What is expected: With pictures excluded, give again exactly the lines running from the one holding "Stunning Bengali Brides" through the end of the listing below.

Supplied information:
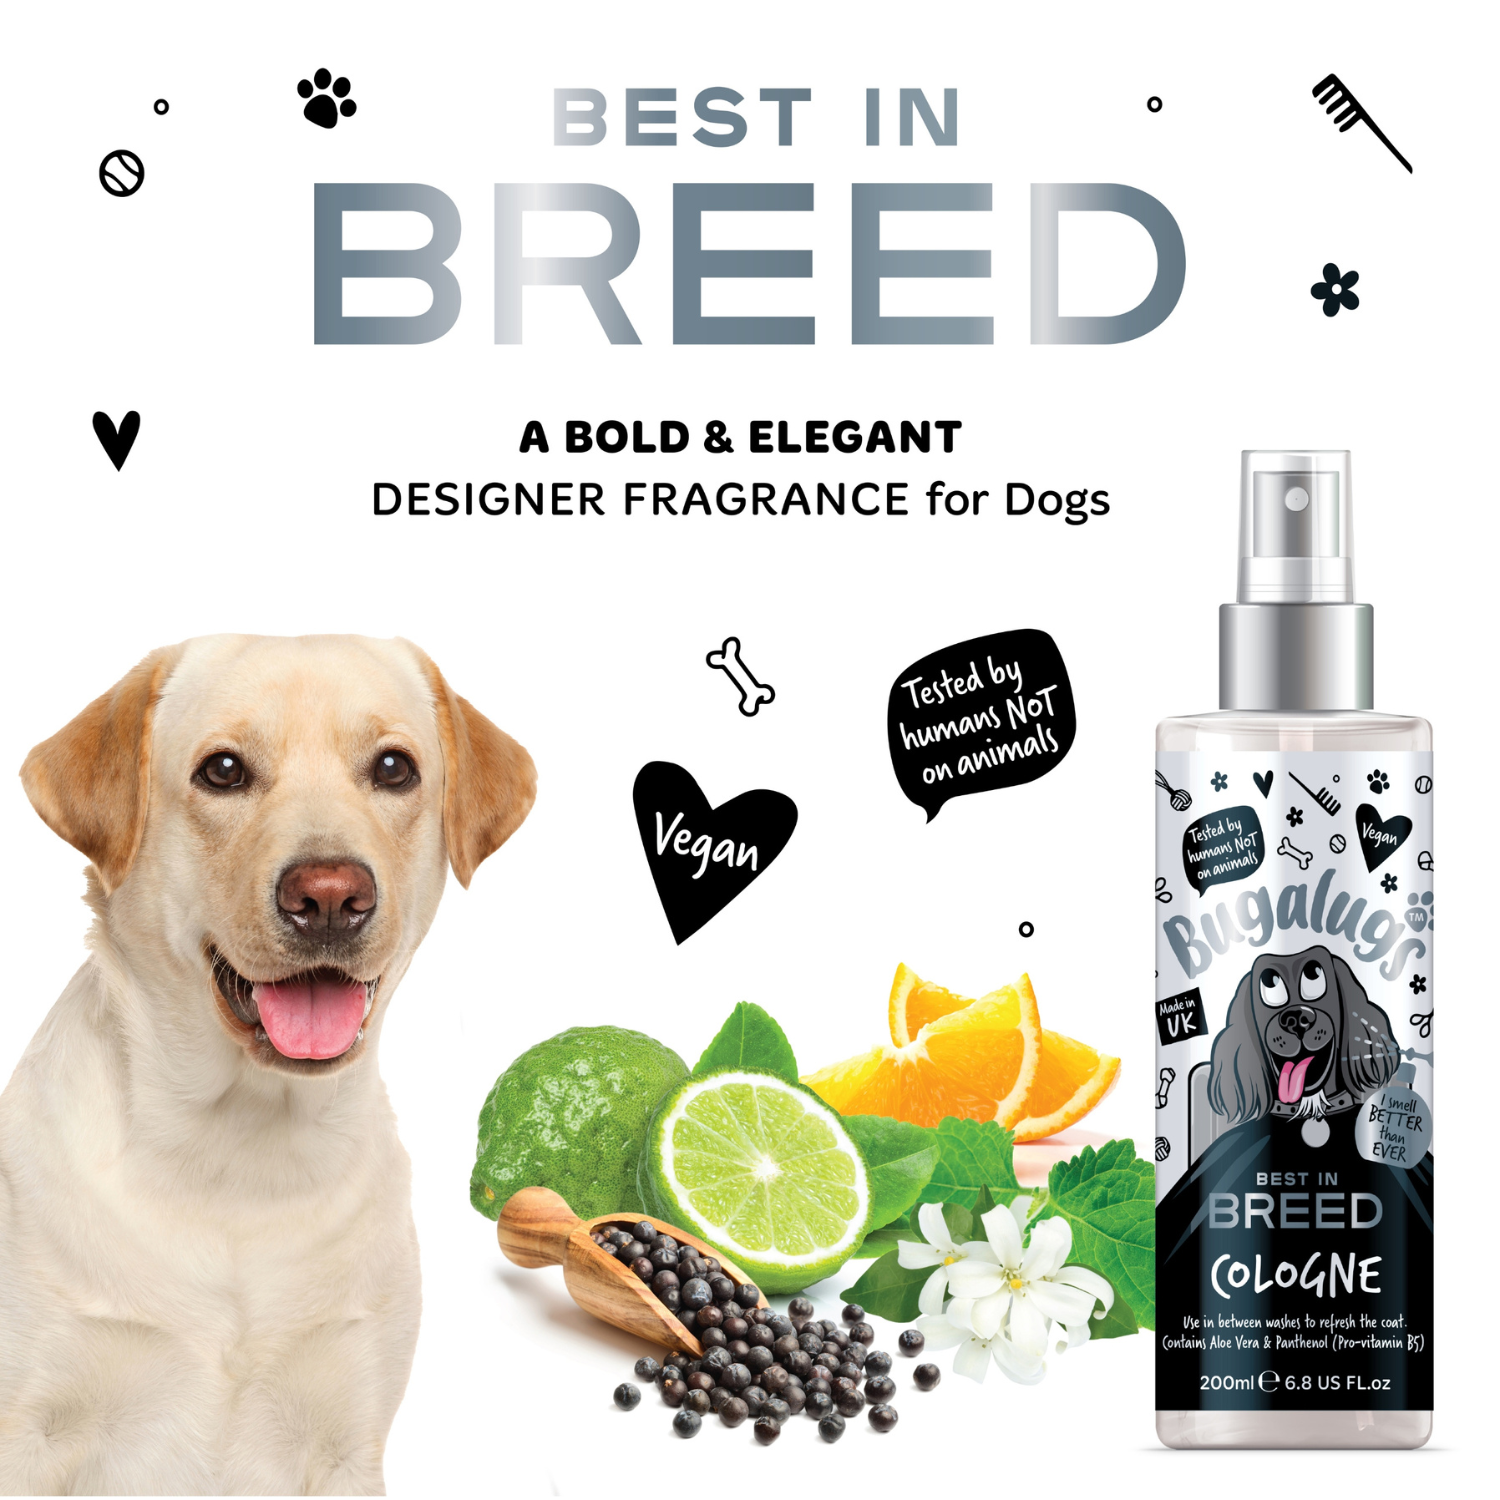 Bugalugs Best in Breed Cologne - A bold and elegant designer fragrance for dogs
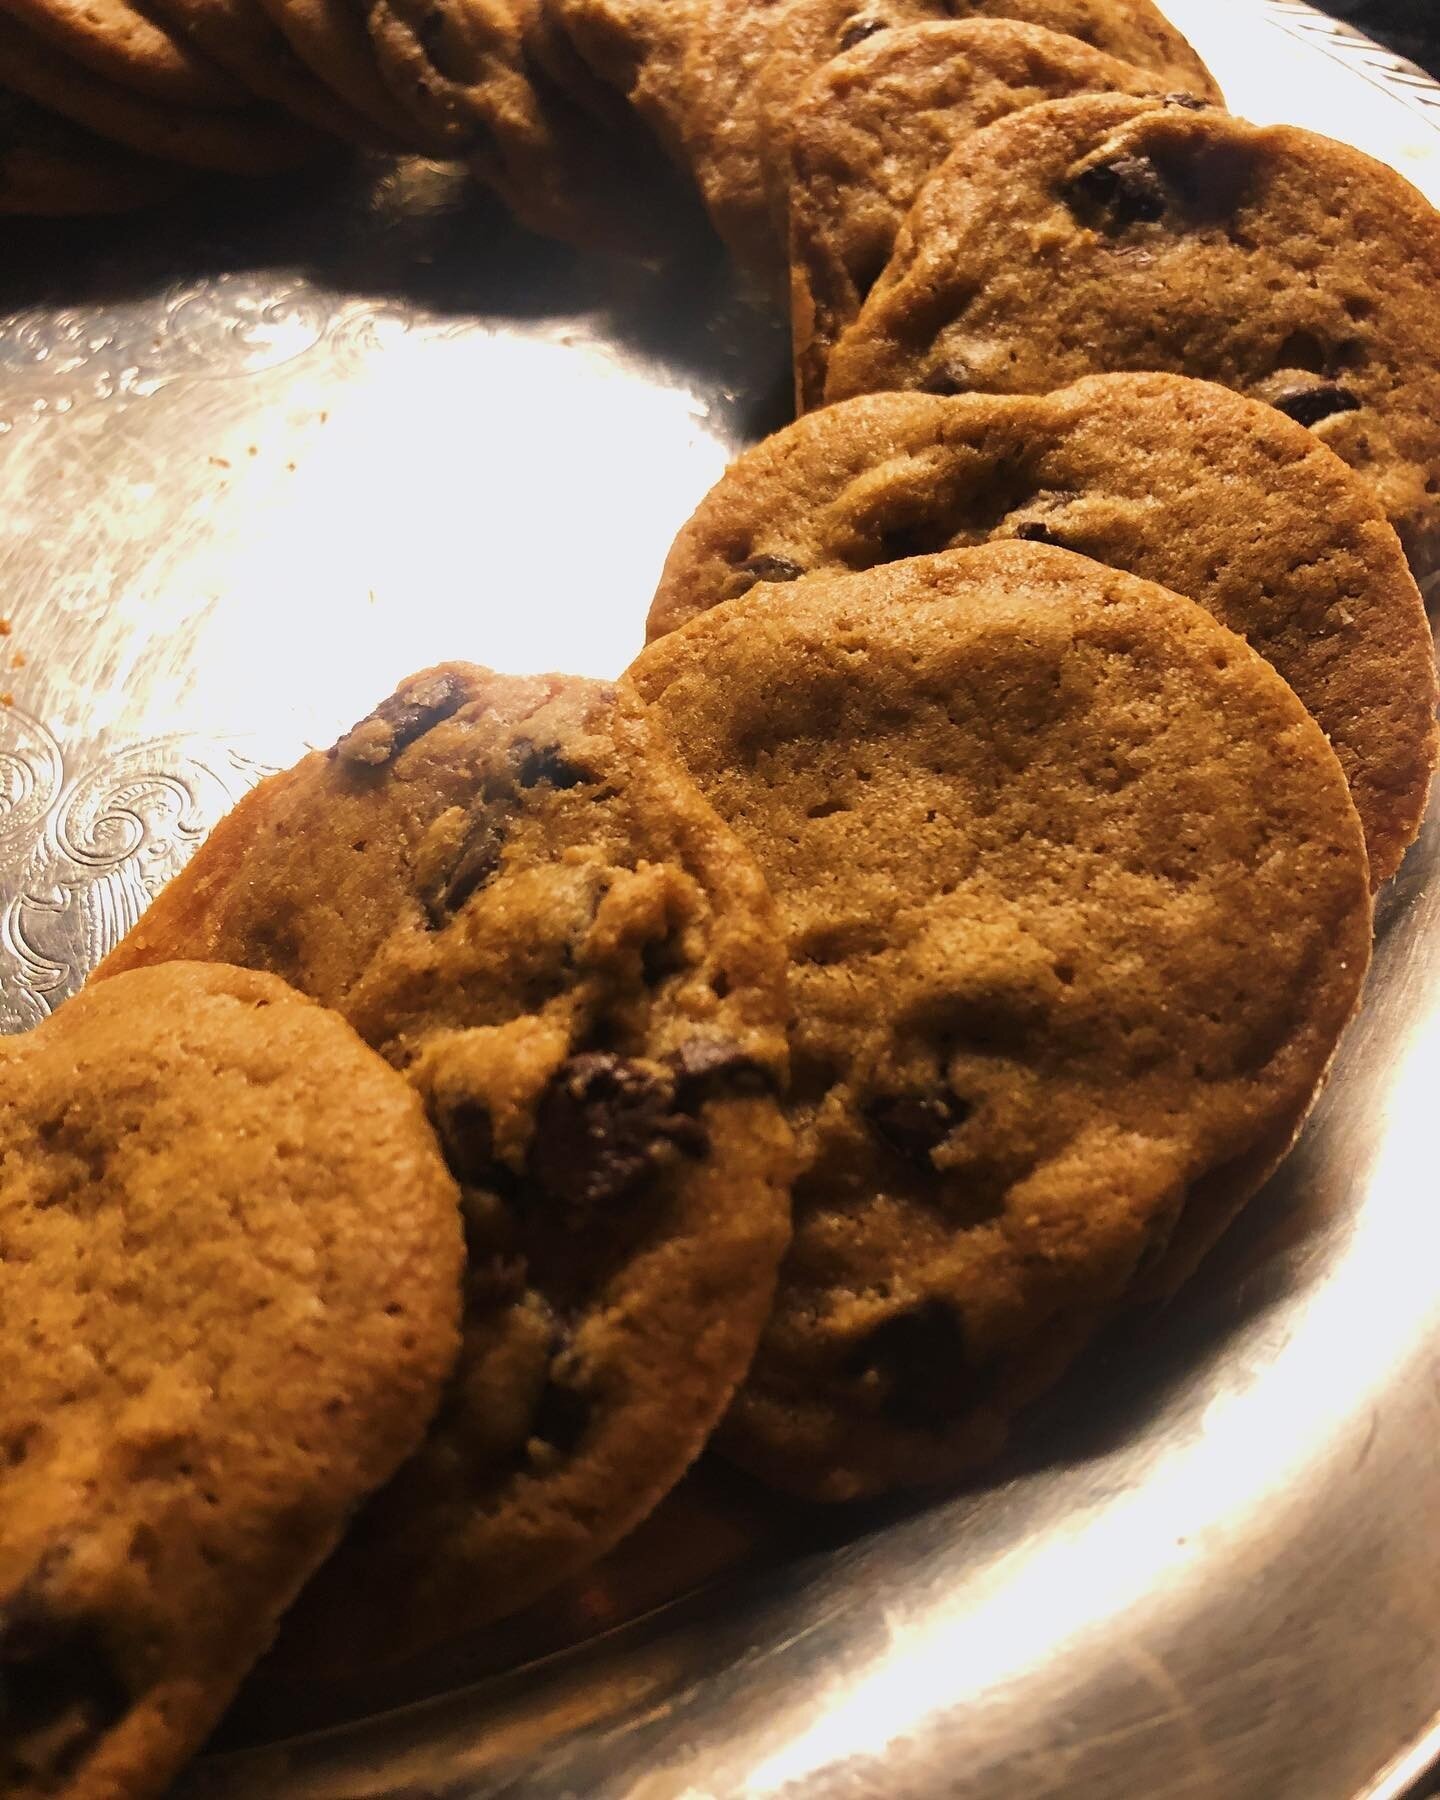 It&rsquo;s finally the weekend! And weekends mean we&rsquo;re open for brunch, dinner, and a late night light bite! Brunch goes 11am-4pm. Our late night menu kicks off at 11pm. If you stick around late enough, the fresh baked cookies come out at Midn
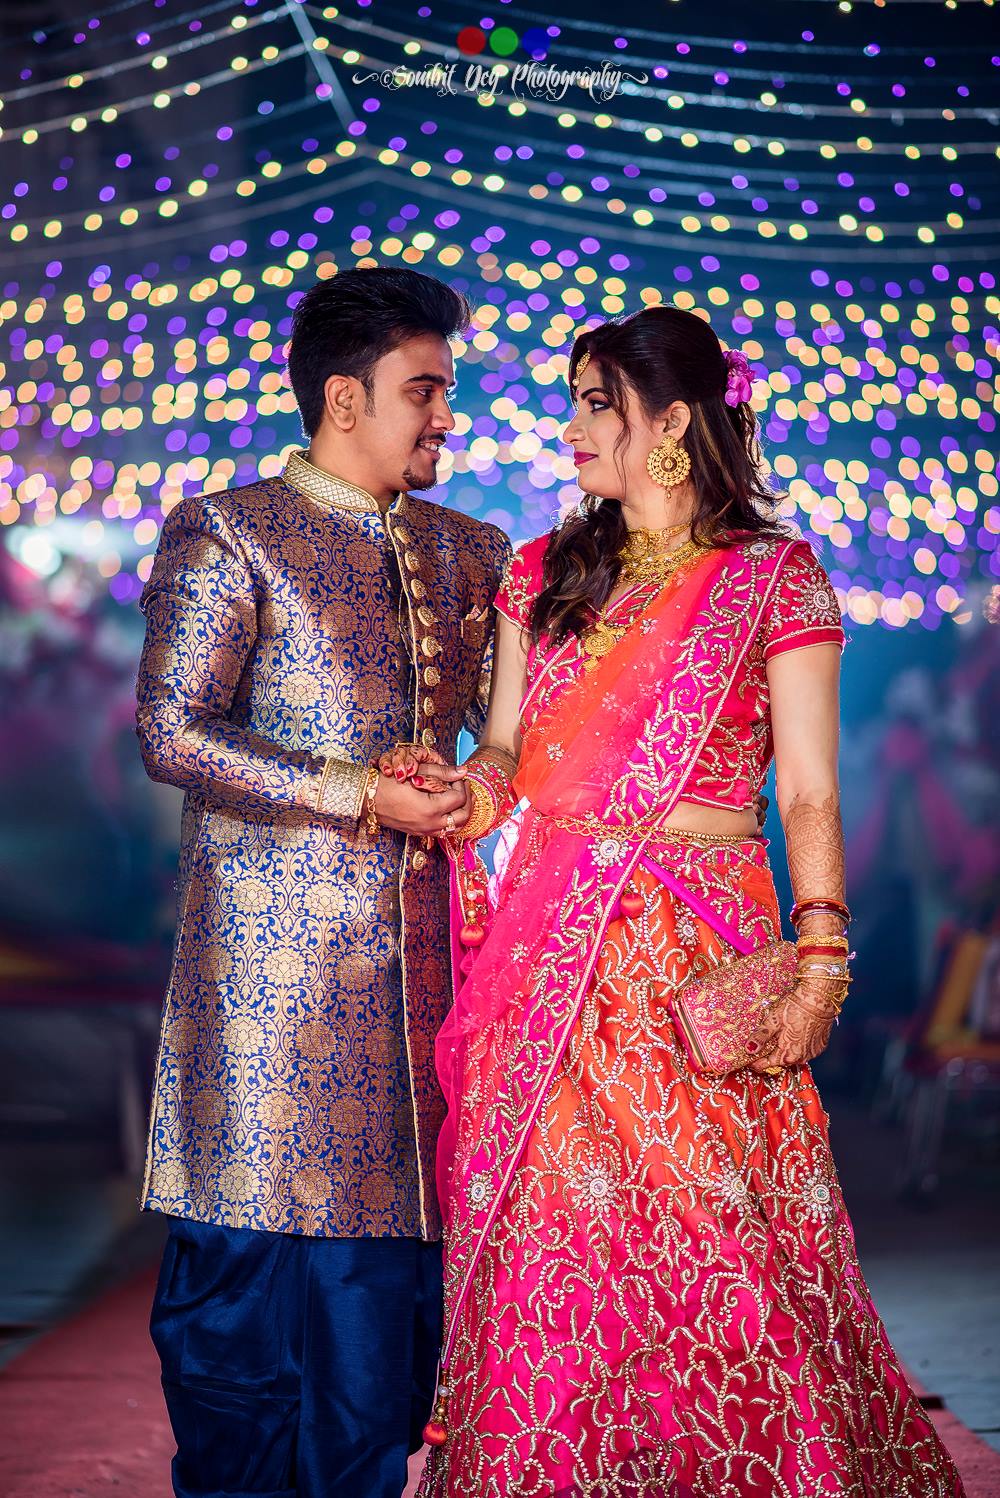 Stunning Bengali Brides That Are The New Trendsetter!
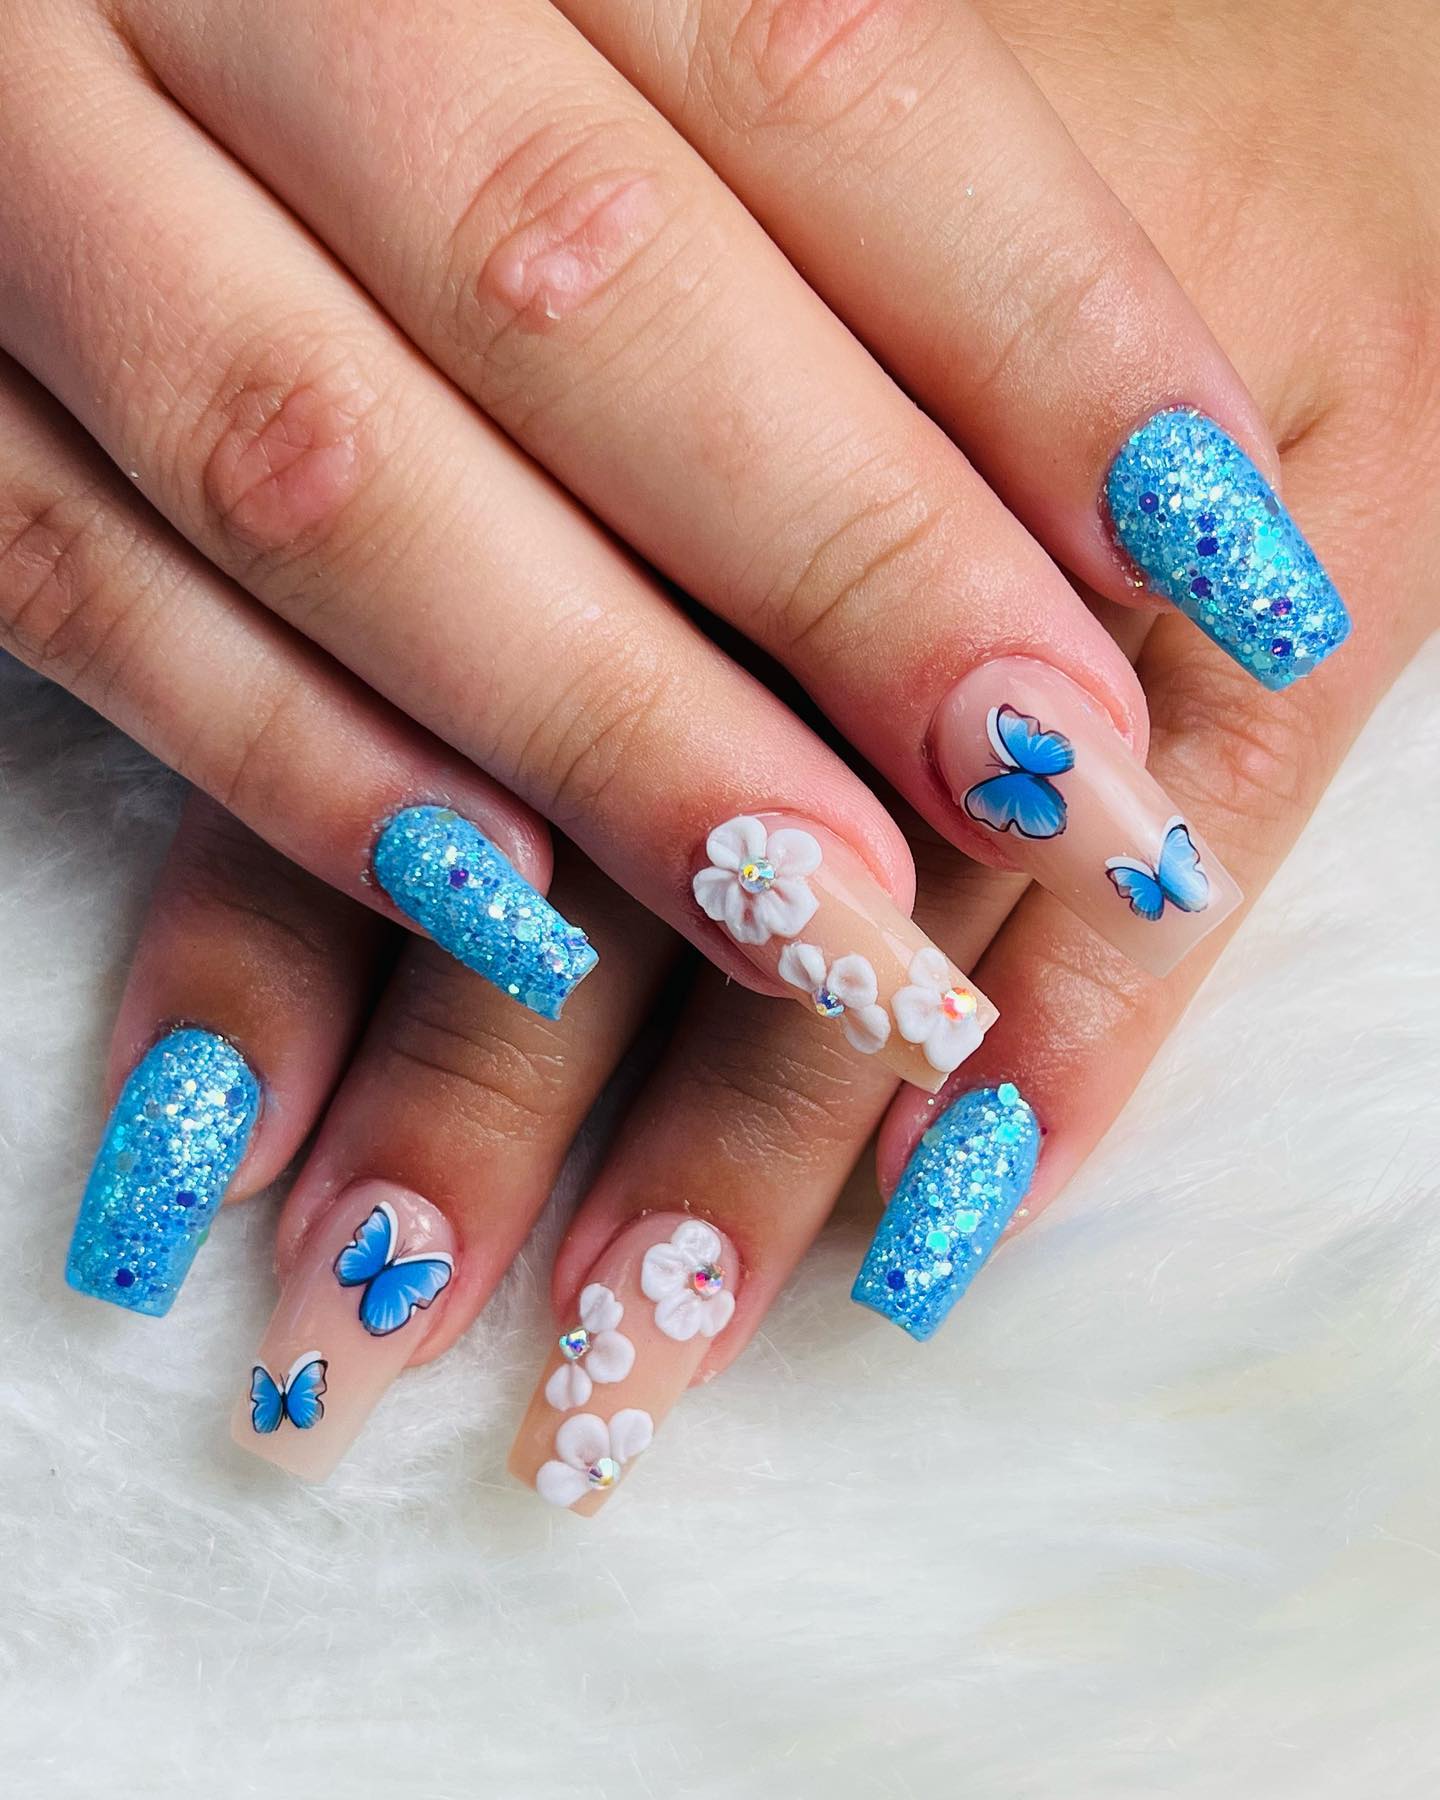 Why not having detailed nails? Shiny blue nails, nude nail polish with some flowers and blue butterflies on it are gorgeous.

Exercise solution:
 Stunning Bengali Brides That Are The New Trendsetter!
 Why not having detailed nails? Shiny blue nails, nude nail polish with some flowers and blue butterflies on it are gorgeous.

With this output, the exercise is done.